Within a minute, he was cold.
He sat up, turned back the covers and the sheet, and crawled under.
* * *
Fighting for his life, losing, the creature on top of him frenzied as it tried to tear his throat out, the only thing keeping Ethan alive the crushing grip he had around the monster’s neck—squeezing, squeezing—but the thing had pure, brute strength. He could feel the hard ripples of muscle as his fingers dug into the milky, translucent skin. But he wasn’t stopping it, his triceps beginning to cramp and his arms bending back as the face, the teeth, inched closer...
* * *
Ethan bolted up in bed, dripping with sweat, gasping for breath, his heart racing so fast it was less like beating than a steady shuddering in his chest.
He had no concept of where he was until he saw the painting of the cowboys and the campfire.
The alarm clock on the bedside table changed to 3:17.
He turned on the light, stared at the phone.
How could he not remember his home landline? Or even Theresa’s cell? How was that possible?
Swinging his legs over the side of the bed, he stood and walked over to the window.
Split the blinds, looked down at the quiet street below.

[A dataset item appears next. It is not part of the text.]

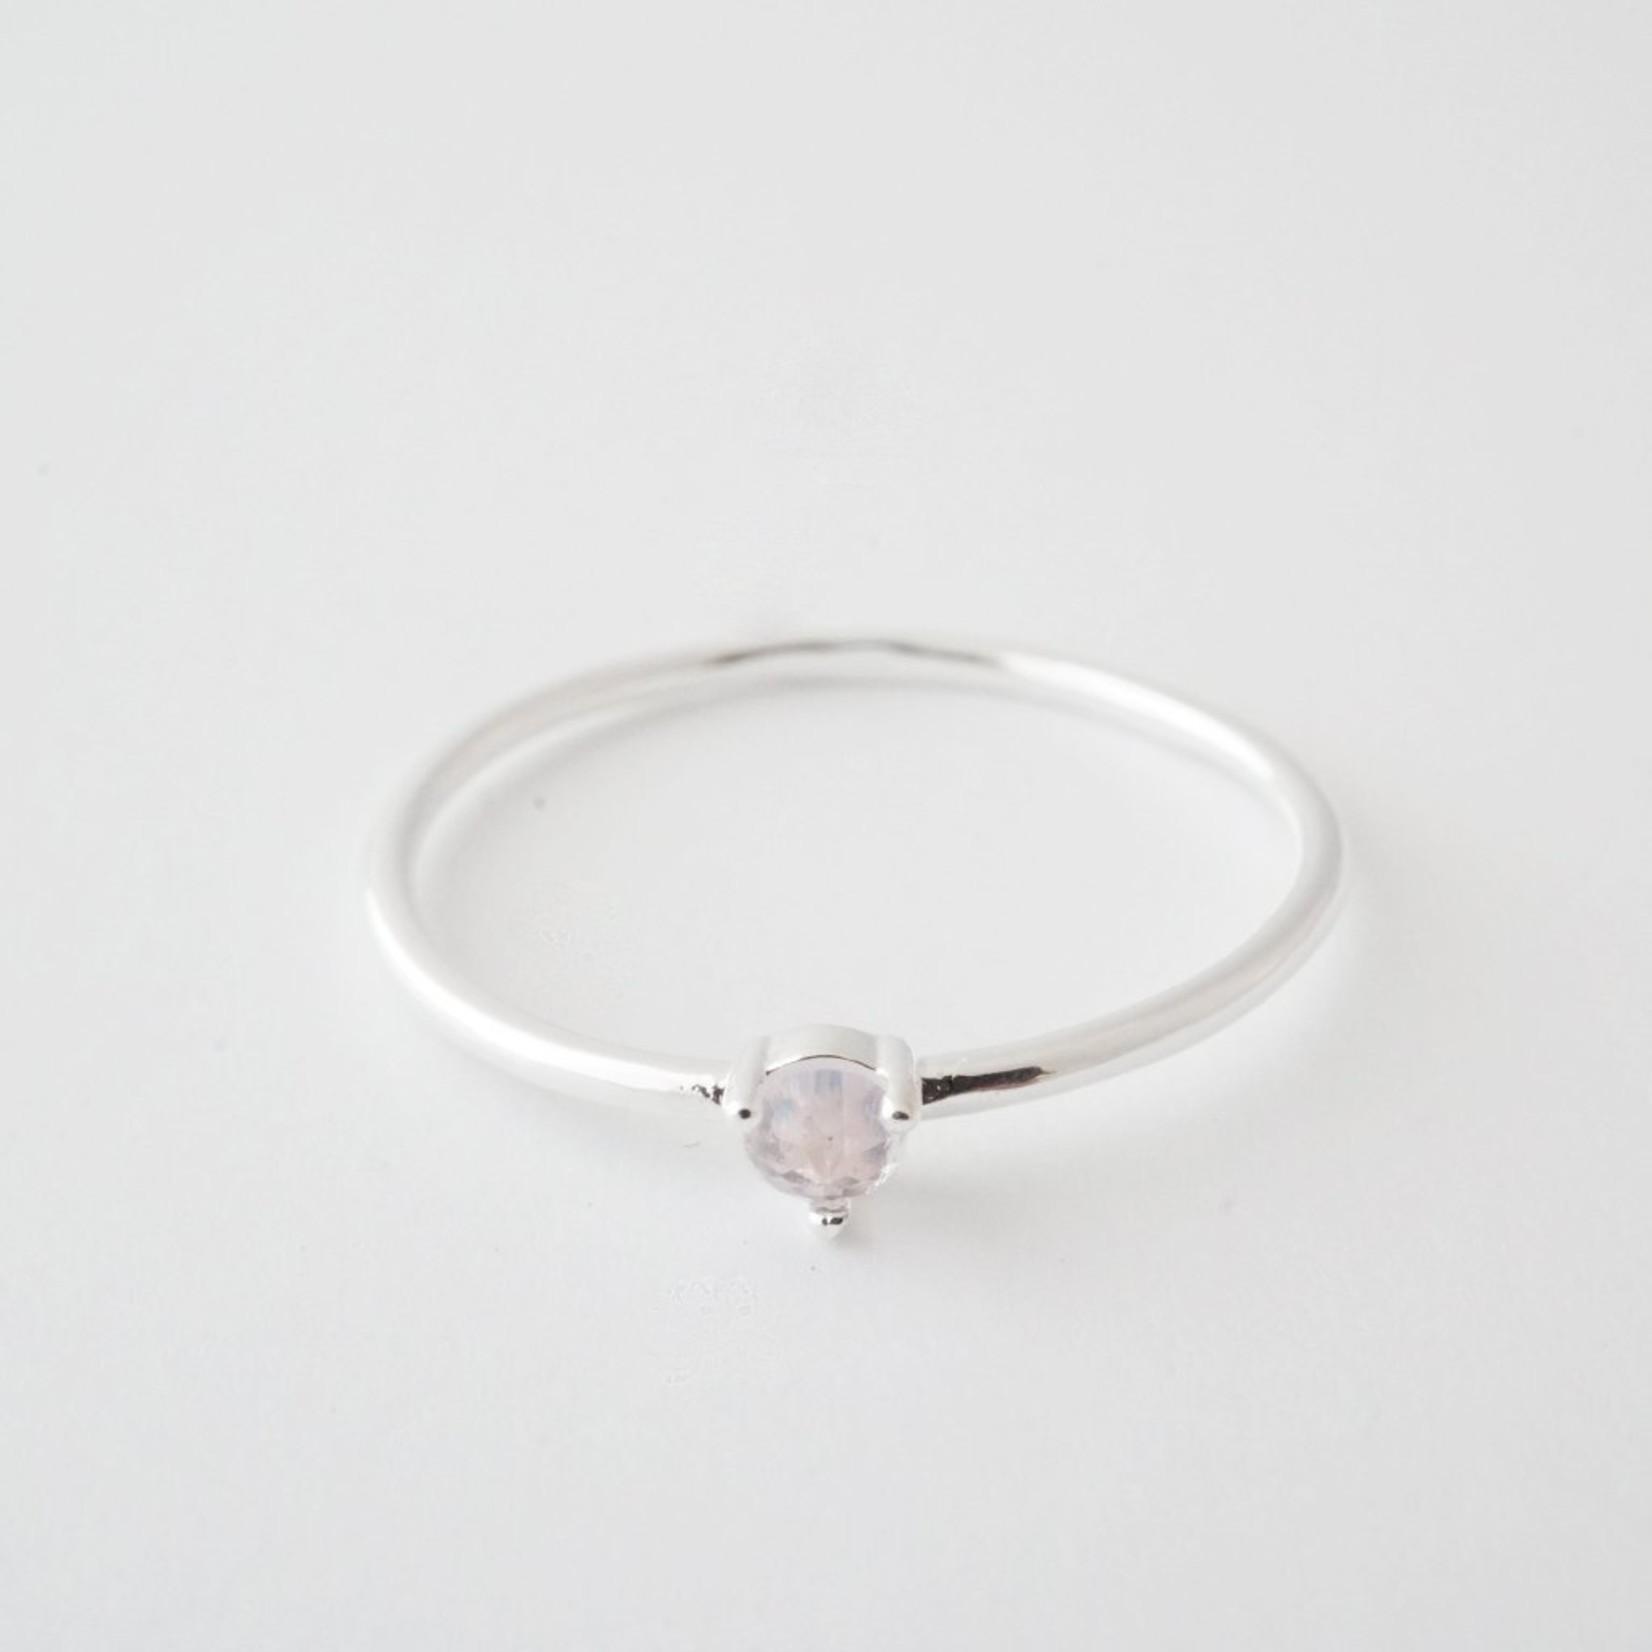 Honeycat Jewelry Honeycat Point Solitaire Ring ROSE QUARTZ
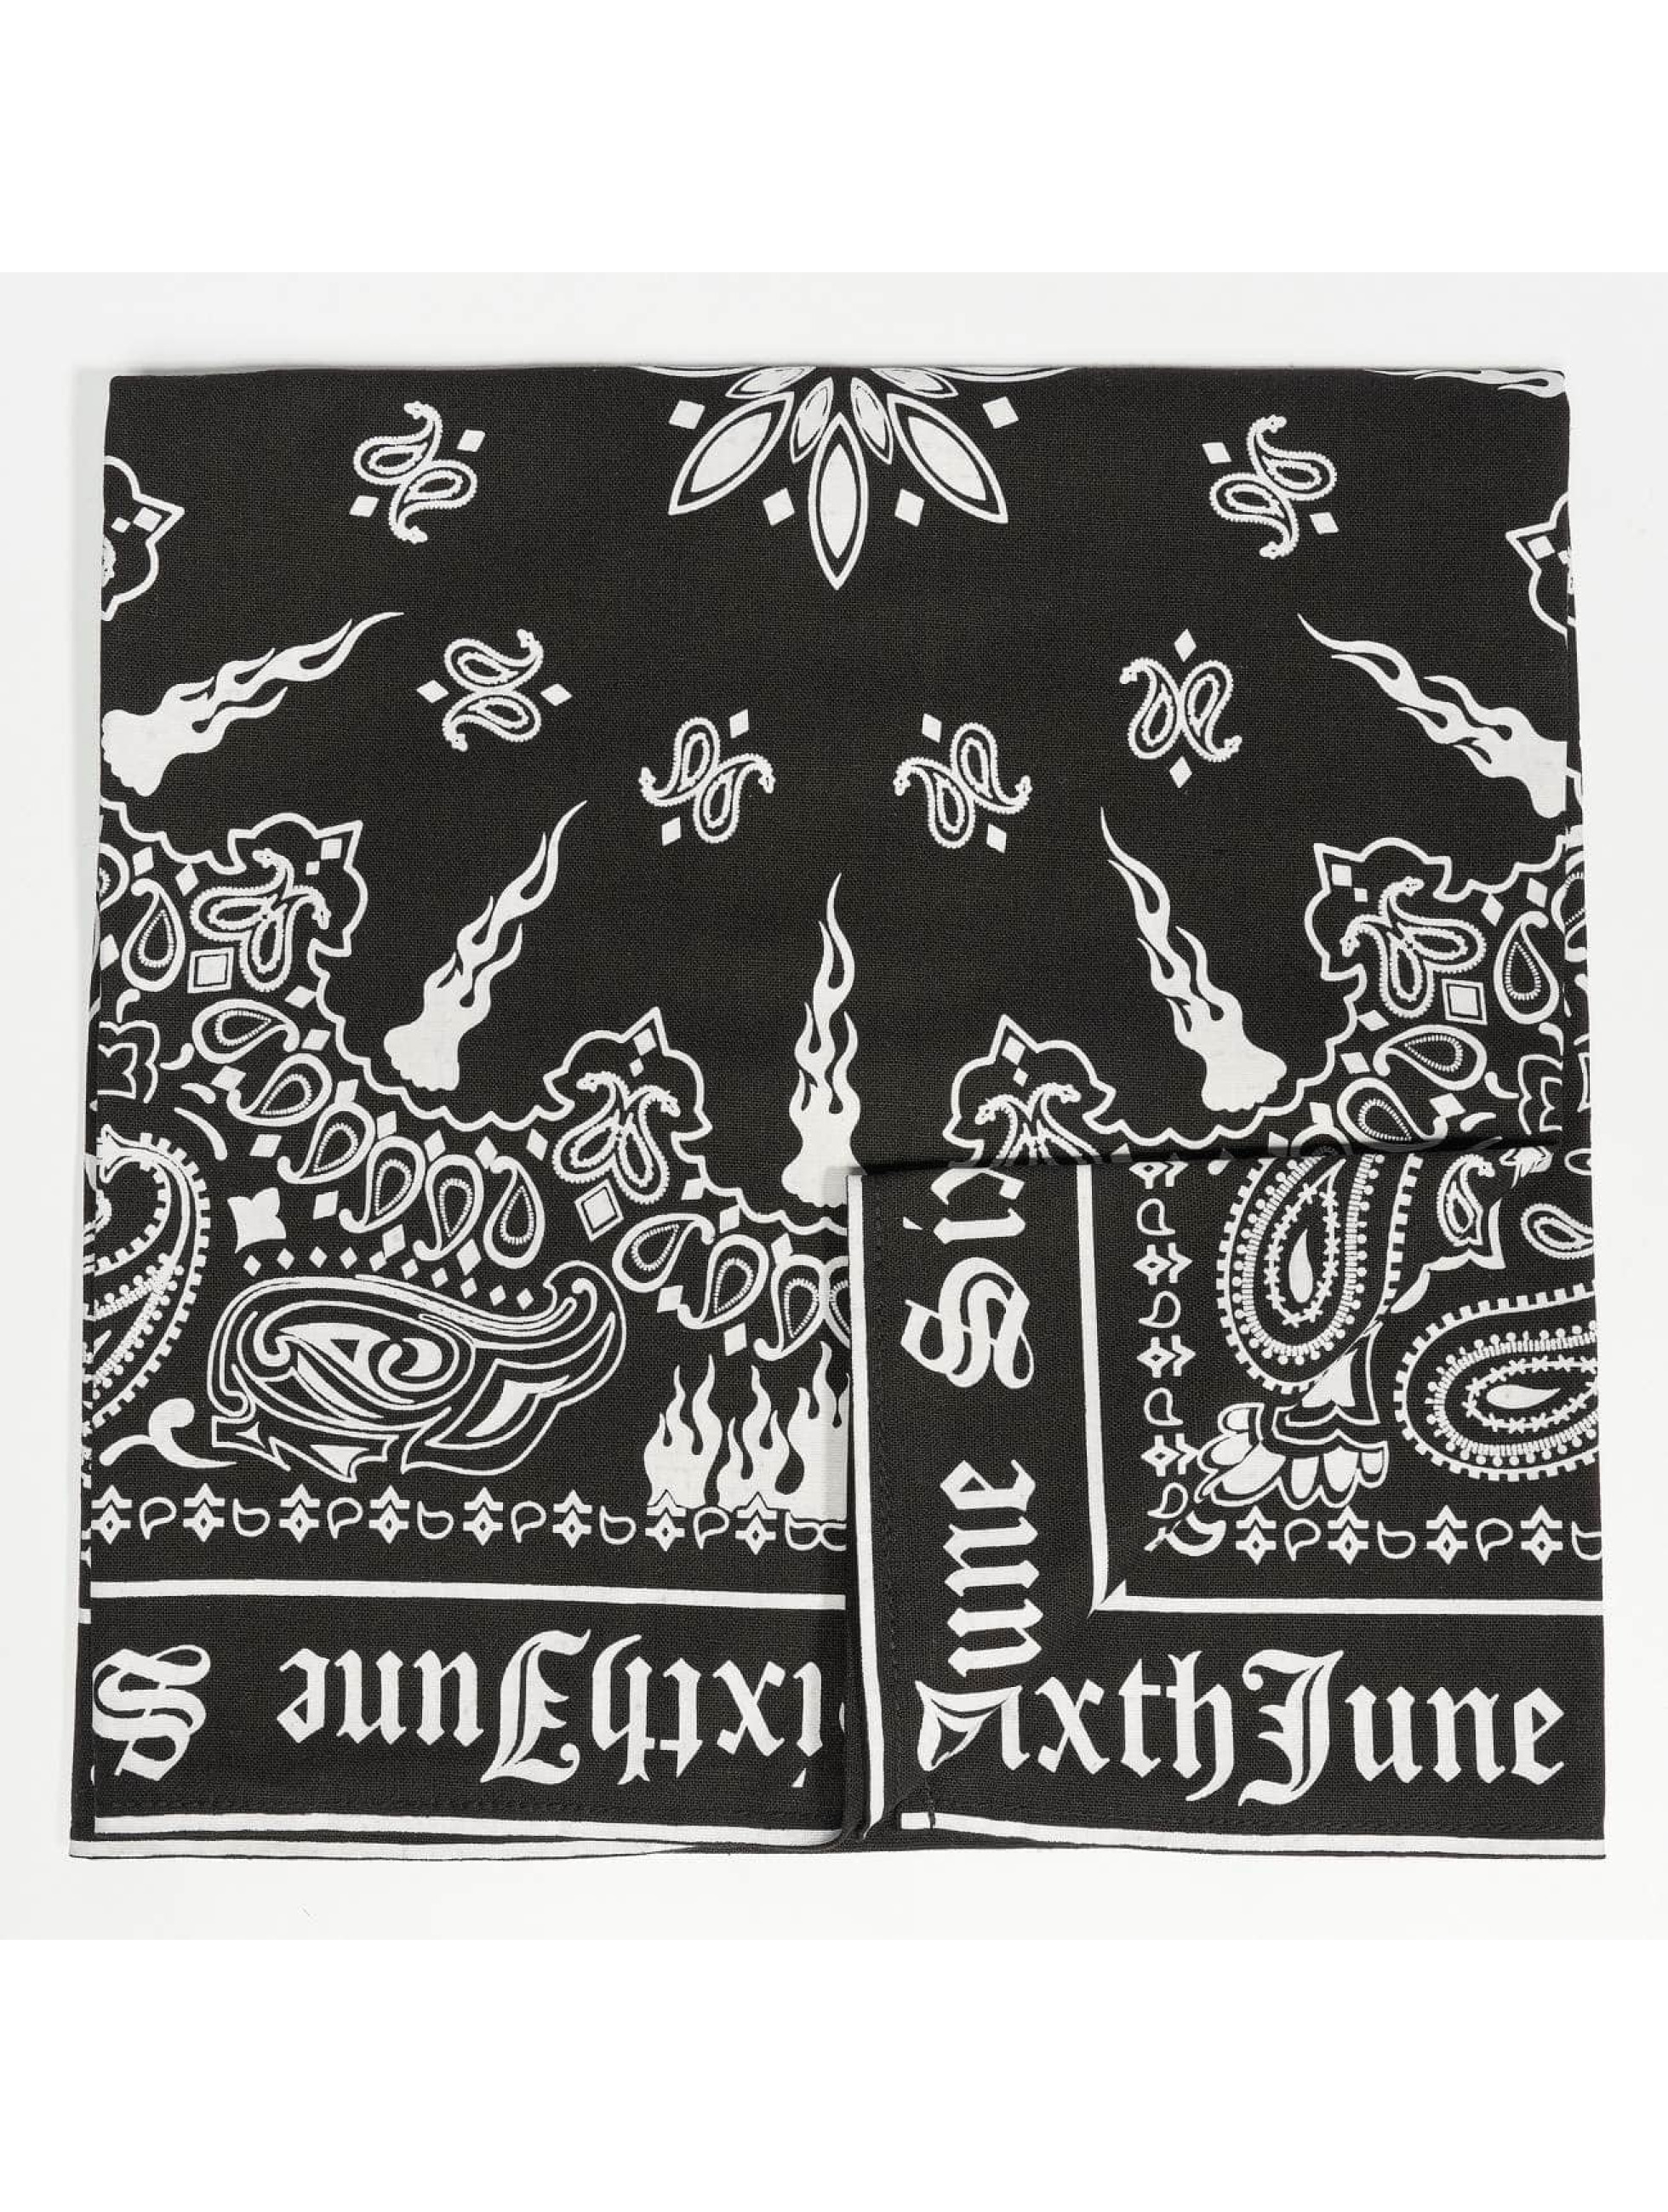 Sixth June Bandana/Durag Bandana black

Thinking, Tomorrow will be better.
He’d get his phone back, his wallet, his gun, his briefcase. Call his wife, his son. Call Seattle and talk with SAC Hassler. Get back to the investigation that had brought him here in the first place.
He woke to a headache and sunlight streaming into his room through the gap in the blinds.
Rolled over, stared at the alarm clock.
He’d slept past noon.
Ethan crawled out of bed, and as he reached for his pants—balled up on the floor—he heard someone knocking on his door. Revise that—someone had been knocking on his door for quite awhile, and he was just realizing for the first time that the distant pounding wasn’t solely confined to his head.
“Mr. Burke! Mr. Burke!”
Lisa, the front desk clerk, shouting through his door.